■ **What the task requires**
Look through the records below and collect all lines that hold the string "Foto".

■ **Records for processing**
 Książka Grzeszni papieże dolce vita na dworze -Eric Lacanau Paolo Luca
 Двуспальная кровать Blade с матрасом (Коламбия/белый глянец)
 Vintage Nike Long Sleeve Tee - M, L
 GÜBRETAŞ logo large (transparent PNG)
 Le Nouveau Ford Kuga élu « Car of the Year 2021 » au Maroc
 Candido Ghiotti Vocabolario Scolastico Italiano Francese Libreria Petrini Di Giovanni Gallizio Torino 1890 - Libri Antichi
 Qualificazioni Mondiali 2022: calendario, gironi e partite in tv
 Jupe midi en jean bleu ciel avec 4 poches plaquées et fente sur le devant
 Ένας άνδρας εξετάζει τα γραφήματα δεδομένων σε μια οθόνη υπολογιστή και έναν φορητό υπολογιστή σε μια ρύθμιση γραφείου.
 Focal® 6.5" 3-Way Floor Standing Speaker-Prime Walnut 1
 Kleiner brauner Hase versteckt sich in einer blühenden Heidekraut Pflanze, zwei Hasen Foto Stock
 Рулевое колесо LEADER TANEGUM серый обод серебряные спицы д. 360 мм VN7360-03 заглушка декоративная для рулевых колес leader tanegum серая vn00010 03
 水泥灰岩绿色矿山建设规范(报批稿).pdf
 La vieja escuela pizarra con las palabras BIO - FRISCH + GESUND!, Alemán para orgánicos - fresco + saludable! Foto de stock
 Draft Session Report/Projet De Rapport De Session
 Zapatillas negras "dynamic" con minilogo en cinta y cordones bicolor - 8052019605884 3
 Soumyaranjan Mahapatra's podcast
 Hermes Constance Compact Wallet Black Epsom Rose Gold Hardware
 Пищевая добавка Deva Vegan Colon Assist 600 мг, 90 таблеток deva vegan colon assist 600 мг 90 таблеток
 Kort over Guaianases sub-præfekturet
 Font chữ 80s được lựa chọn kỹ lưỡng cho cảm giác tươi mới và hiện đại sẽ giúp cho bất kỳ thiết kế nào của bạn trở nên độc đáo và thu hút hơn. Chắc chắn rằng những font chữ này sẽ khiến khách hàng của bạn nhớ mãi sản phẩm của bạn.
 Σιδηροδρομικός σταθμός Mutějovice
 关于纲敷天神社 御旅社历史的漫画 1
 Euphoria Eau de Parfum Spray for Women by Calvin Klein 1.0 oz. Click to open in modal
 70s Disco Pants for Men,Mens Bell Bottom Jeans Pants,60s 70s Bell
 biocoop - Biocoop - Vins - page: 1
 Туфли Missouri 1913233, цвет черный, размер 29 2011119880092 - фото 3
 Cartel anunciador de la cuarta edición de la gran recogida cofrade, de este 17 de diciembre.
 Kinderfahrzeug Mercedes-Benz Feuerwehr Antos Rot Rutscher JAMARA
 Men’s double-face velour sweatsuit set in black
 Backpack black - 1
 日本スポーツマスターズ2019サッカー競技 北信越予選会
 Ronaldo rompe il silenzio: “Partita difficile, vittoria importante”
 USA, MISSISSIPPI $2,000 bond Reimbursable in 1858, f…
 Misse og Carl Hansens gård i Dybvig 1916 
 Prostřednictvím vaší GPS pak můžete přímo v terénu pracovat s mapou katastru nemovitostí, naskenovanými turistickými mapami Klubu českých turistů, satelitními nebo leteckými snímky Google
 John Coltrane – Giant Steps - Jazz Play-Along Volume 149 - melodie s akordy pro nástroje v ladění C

■ **Response to the task**
 Kleiner brauner Hase versteckt sich in einer blühenden Heidekraut Pflanze, zwei Hasen Foto Stock
 La vieja escuela pizarra con las palabras BIO - FRISCH + GESUND!, Alemán para orgánicos - fresco + saludable! Foto de stock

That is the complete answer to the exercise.